►

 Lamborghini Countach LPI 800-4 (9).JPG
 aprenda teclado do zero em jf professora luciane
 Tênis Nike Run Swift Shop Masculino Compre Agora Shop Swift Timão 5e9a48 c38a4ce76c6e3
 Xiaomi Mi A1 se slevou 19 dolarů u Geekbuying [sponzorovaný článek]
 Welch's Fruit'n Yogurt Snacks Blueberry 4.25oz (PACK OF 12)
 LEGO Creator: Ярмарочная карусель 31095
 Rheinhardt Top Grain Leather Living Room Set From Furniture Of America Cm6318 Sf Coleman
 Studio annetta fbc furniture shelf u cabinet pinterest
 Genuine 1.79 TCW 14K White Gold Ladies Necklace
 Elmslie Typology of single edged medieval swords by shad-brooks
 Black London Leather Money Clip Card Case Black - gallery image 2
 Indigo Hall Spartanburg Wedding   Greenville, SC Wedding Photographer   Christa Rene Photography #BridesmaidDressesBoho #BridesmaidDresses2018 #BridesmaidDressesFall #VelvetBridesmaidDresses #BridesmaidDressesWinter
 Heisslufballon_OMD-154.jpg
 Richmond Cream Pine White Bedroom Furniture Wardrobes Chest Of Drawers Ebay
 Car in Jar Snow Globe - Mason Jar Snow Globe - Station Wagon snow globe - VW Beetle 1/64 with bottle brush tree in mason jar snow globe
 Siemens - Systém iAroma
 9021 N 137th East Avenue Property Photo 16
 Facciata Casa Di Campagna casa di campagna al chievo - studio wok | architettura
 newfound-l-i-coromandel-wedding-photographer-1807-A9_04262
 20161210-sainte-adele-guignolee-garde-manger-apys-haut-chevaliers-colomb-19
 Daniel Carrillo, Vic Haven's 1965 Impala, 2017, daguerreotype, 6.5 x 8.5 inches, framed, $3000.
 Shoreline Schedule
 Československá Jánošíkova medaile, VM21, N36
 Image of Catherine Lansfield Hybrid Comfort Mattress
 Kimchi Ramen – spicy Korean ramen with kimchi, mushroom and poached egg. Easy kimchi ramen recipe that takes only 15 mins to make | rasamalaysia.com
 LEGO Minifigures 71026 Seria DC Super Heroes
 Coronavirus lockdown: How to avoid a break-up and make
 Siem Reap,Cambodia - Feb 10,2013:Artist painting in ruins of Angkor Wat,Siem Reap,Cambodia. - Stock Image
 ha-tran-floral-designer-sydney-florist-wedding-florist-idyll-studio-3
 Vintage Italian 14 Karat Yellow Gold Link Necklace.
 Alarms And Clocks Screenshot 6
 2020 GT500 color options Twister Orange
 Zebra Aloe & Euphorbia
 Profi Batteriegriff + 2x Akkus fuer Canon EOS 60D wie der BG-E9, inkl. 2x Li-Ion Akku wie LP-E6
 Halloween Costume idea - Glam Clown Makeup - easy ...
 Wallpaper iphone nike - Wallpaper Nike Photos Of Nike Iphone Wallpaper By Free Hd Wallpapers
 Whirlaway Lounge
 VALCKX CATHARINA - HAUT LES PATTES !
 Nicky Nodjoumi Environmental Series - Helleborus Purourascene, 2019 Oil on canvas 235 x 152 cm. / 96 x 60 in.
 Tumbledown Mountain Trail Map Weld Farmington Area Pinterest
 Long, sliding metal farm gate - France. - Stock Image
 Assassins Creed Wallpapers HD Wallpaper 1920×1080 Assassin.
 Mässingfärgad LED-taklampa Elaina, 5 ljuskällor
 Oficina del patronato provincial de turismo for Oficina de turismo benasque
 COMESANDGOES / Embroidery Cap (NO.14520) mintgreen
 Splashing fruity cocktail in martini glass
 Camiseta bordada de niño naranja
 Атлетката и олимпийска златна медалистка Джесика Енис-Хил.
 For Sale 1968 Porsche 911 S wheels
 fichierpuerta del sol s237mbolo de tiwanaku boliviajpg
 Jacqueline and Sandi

◄

YOUR TASK :: Reproduce verbatim only the segment of the listing bounded by the line containing "Československá Jánošíkova medaile, VM21, N36" and the line containing "Kimchi Ramen –", with both boundary lines included.

SOLUTION FOR THIS TASK ::
 Československá Jánošíkova medaile, VM21, N36
 Image of Catherine Lansfield Hybrid Comfort Mattress
 Kimchi Ramen – spicy Korean ramen with kimchi, mushroom and poached egg. Easy kimchi ramen recipe that takes only 15 mins to make | rasamalaysia.com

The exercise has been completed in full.